Content starts
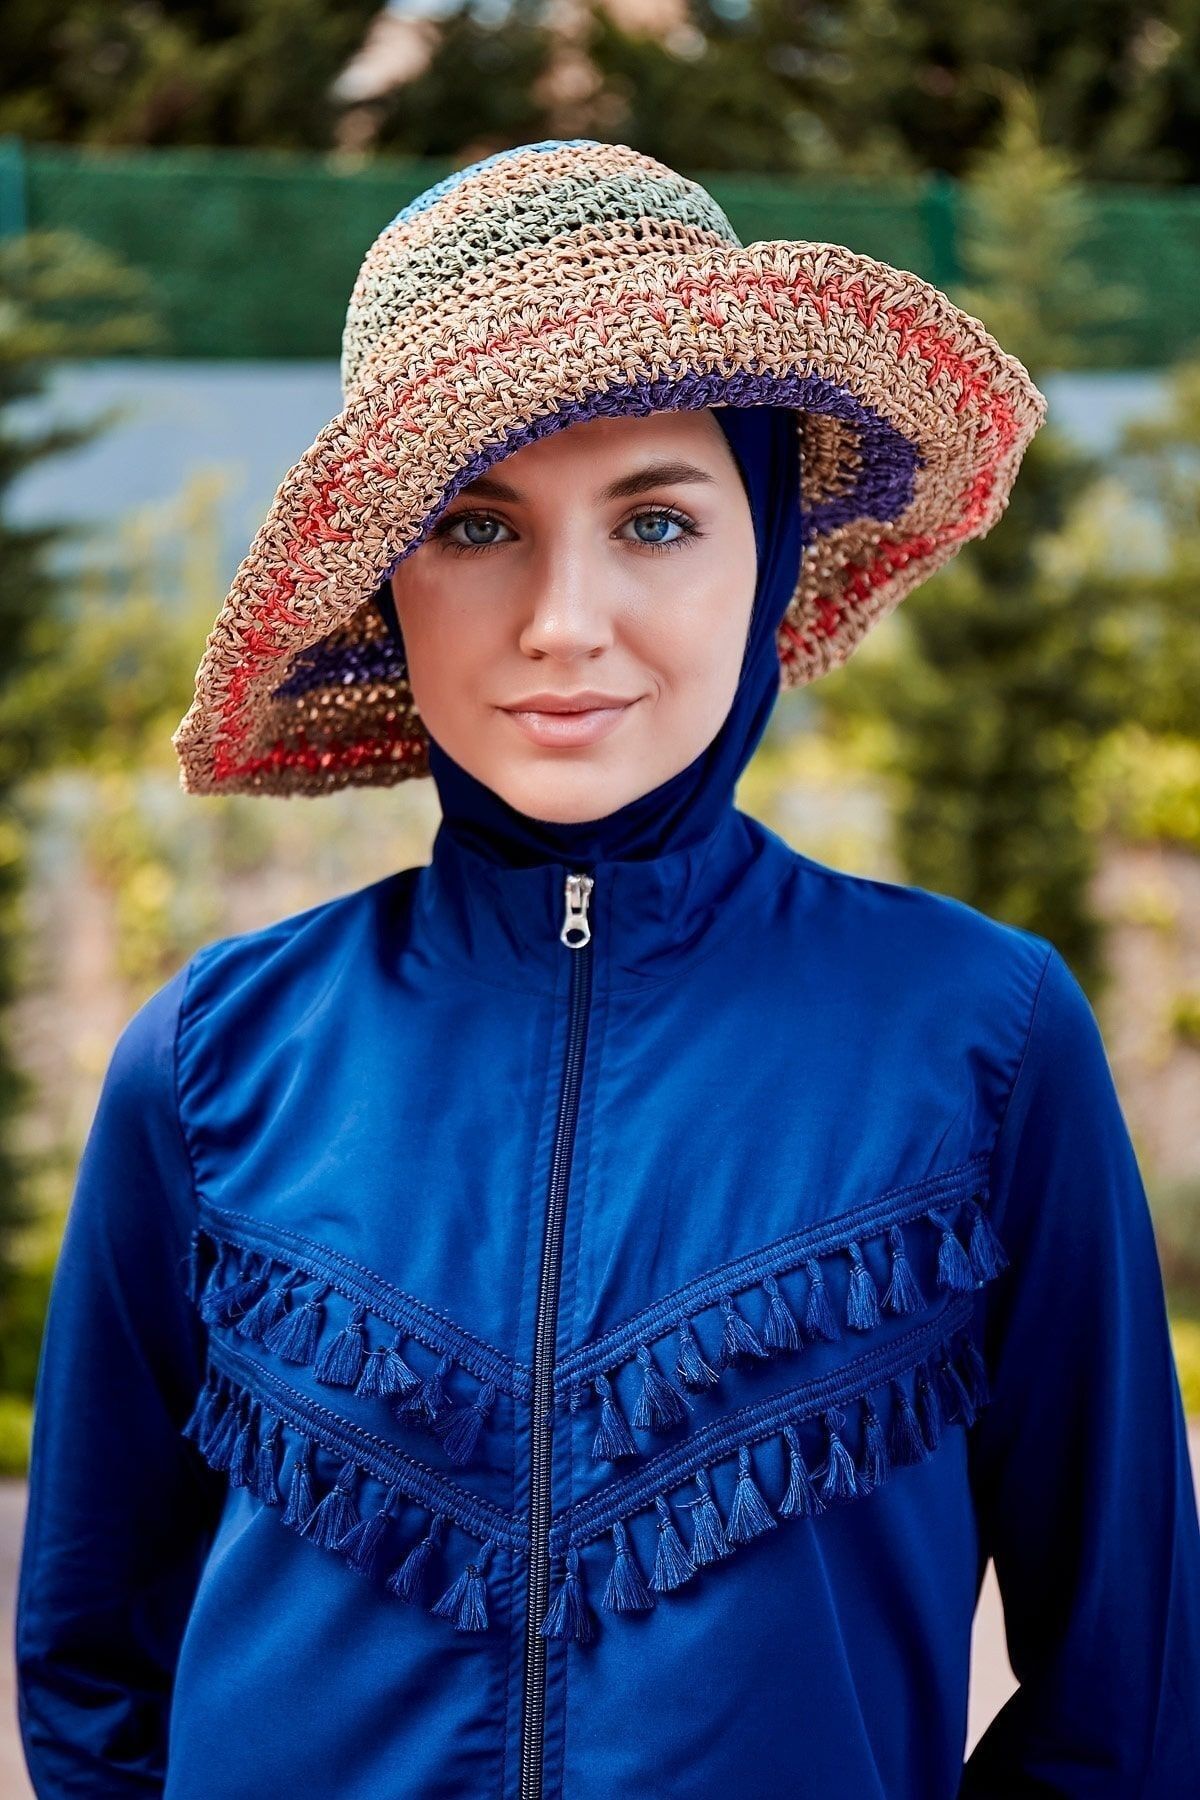 Marina Vizon Rengi Örgülü Hasır Şapka 11507
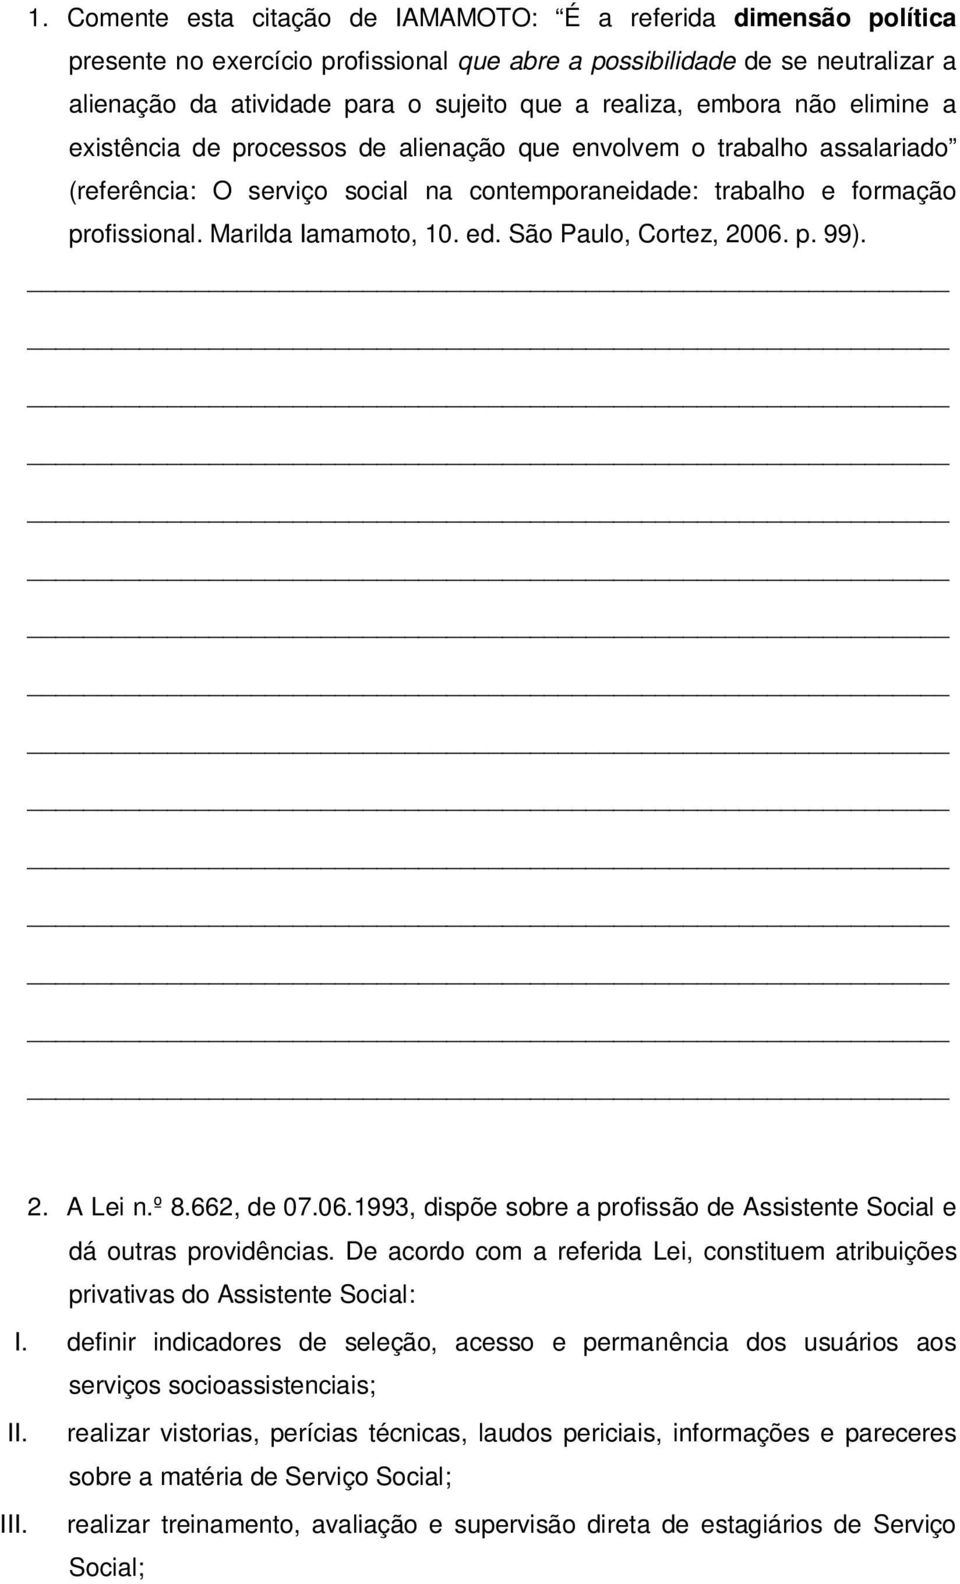 Marilda Iamamoto, 10. ed. São Paulo, Cortez, 2006. p. 99). 2. A Lei n.º 8.662, de 07.06.1993, dispõe sobre a profissão de Assistente Social e dá outras providências.
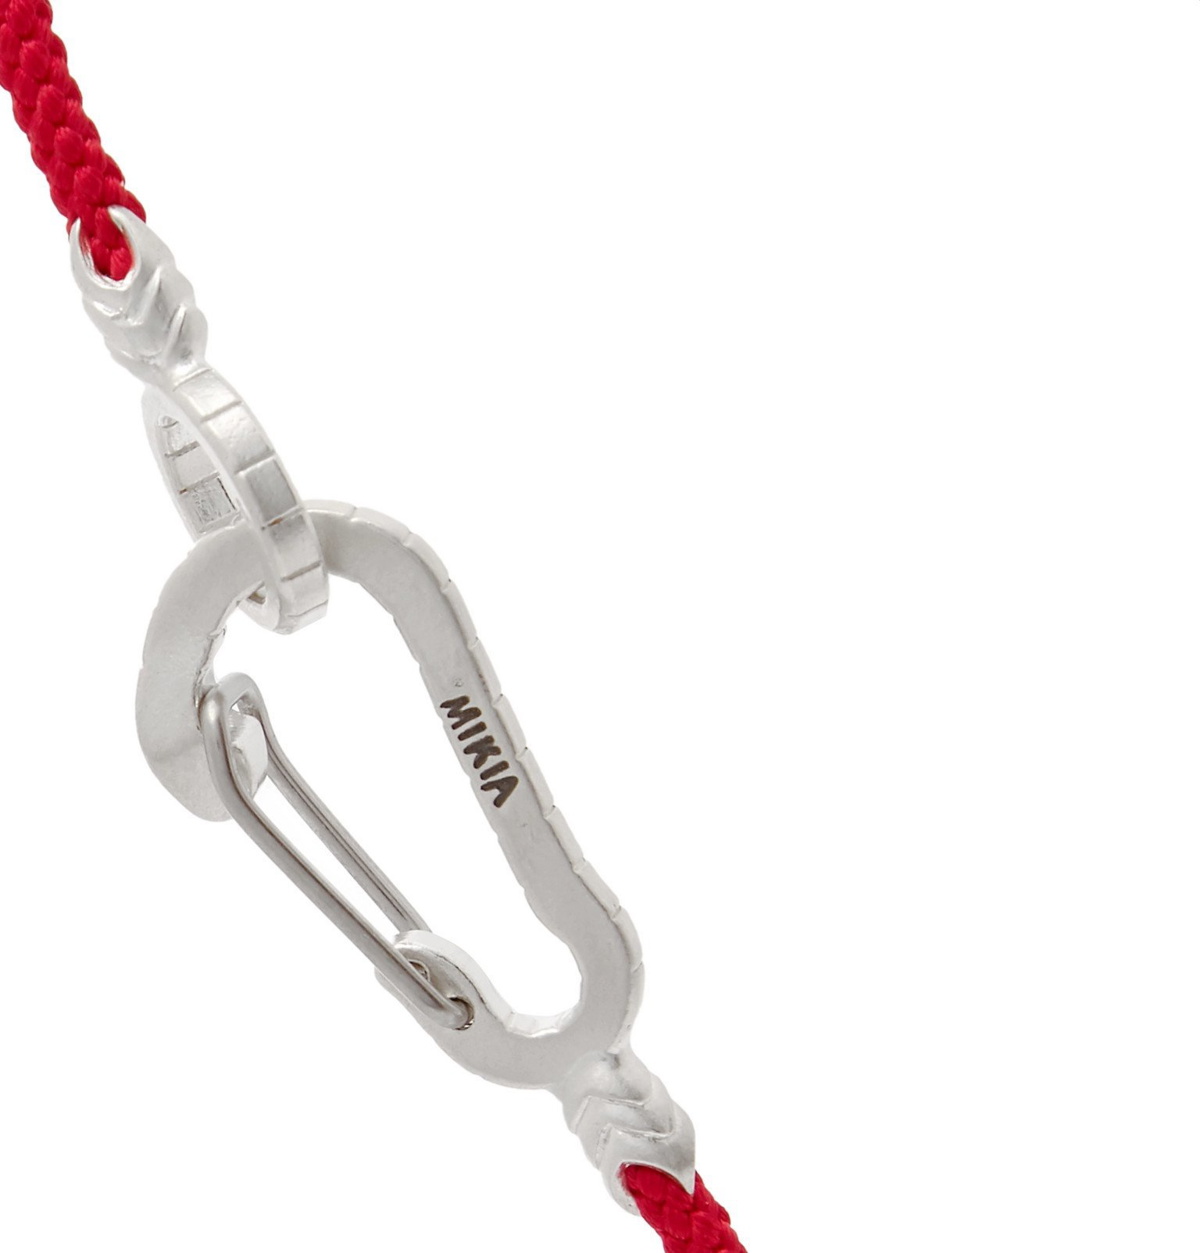 Mikia - Cord and Silver-Tone Bracelet - Red Mikia
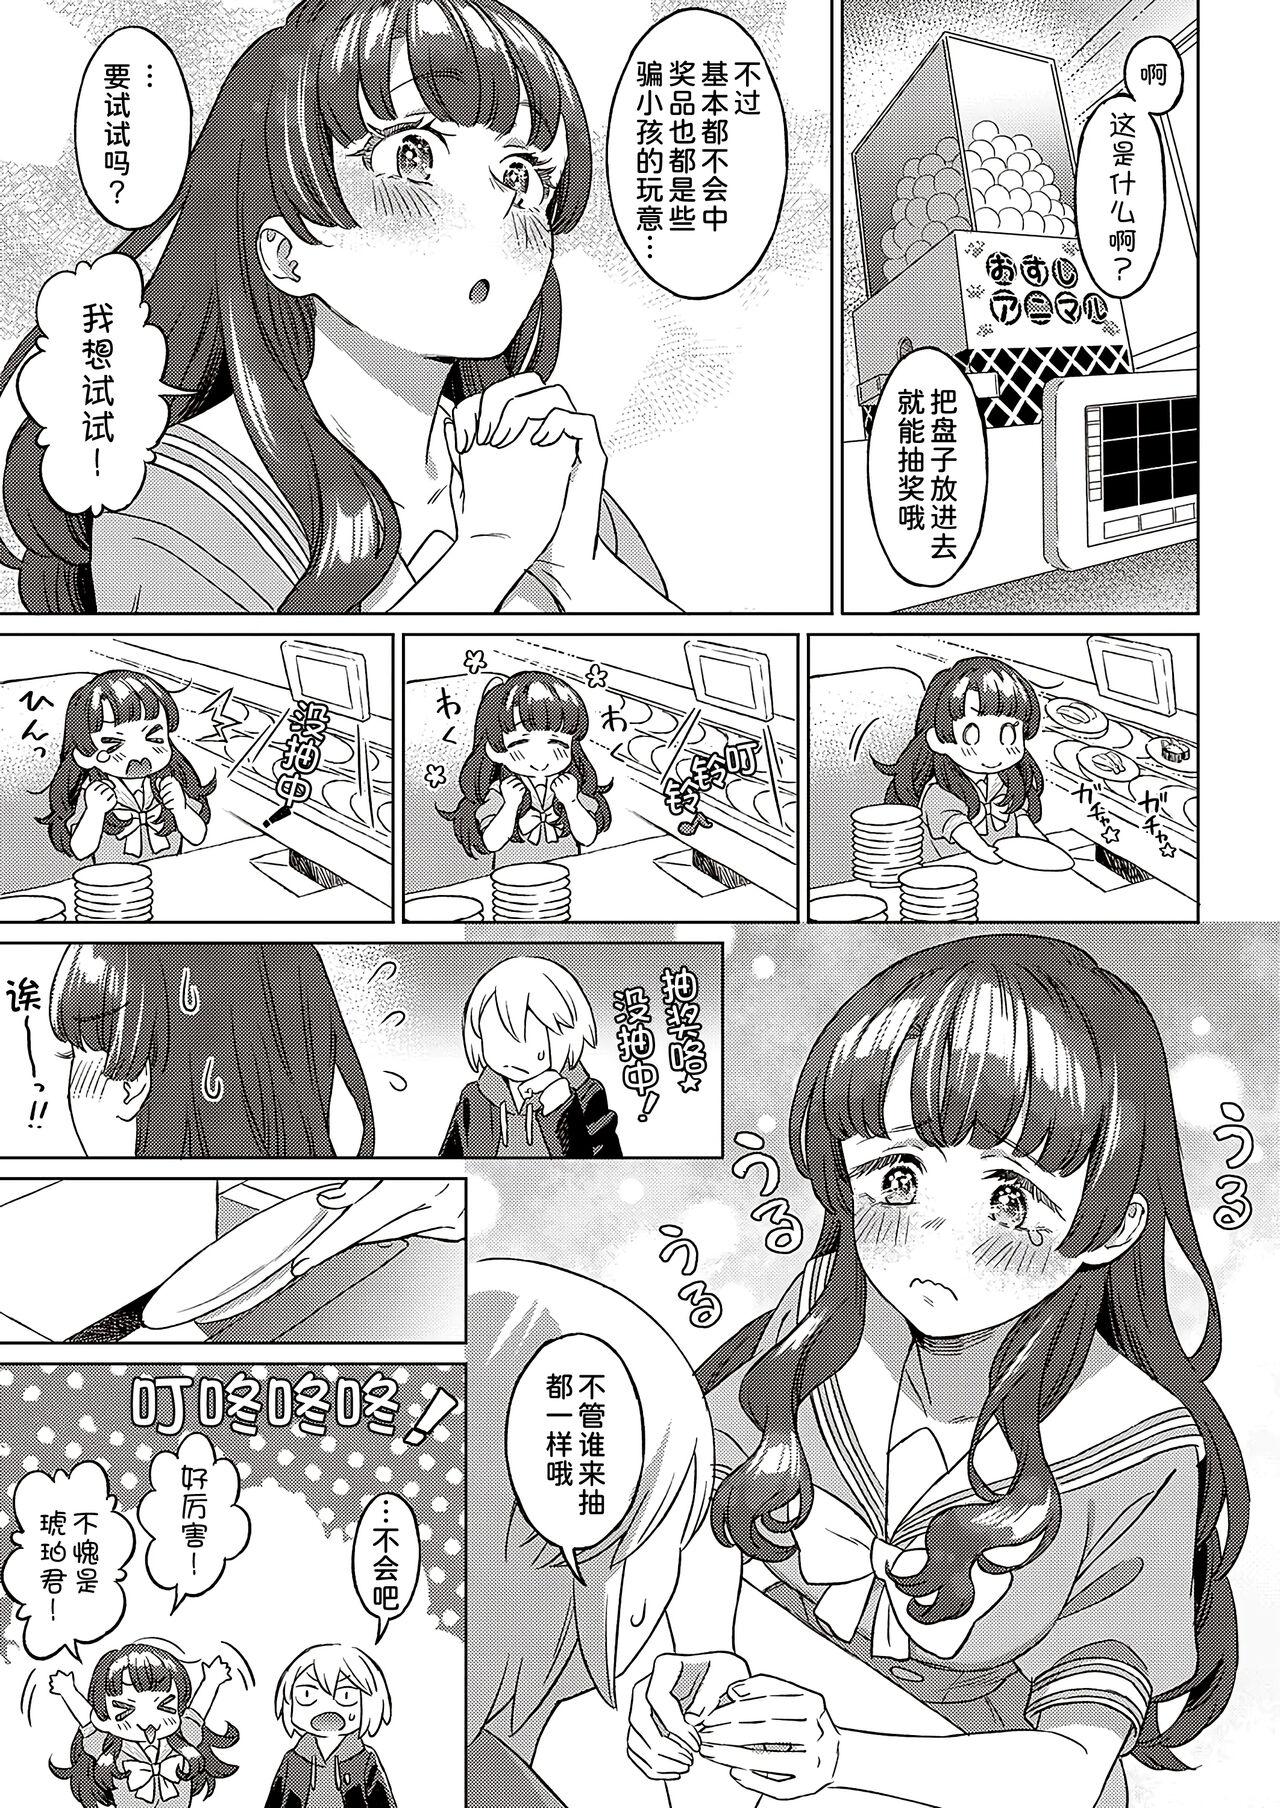 Slapping Kohakuiro no Machi, Sakura ga Ita Kisetsu Condom - Page 6
Content ends
### Work to be completed
The copy must begin at the line containing "Marilda Iamamoto, 10." and end at the last line of the data above, with every line retyped exactly and no pictures included.

### Result of this exercise
 Marilda Iamamoto, 10. ed. São Paulo, Cortez, 2006. p. 99). 2. A Lei n.º 8.662, de 07.06.1993, dispõe sobre a profissão de Assistente Social e dá outras providências.
 Mikia - Cord and Silver-Tone Bracelet - Red Mikia
 Slapping Kohakuiro no Machi, Sakura ga Ita Kisetsu Condom - Page 6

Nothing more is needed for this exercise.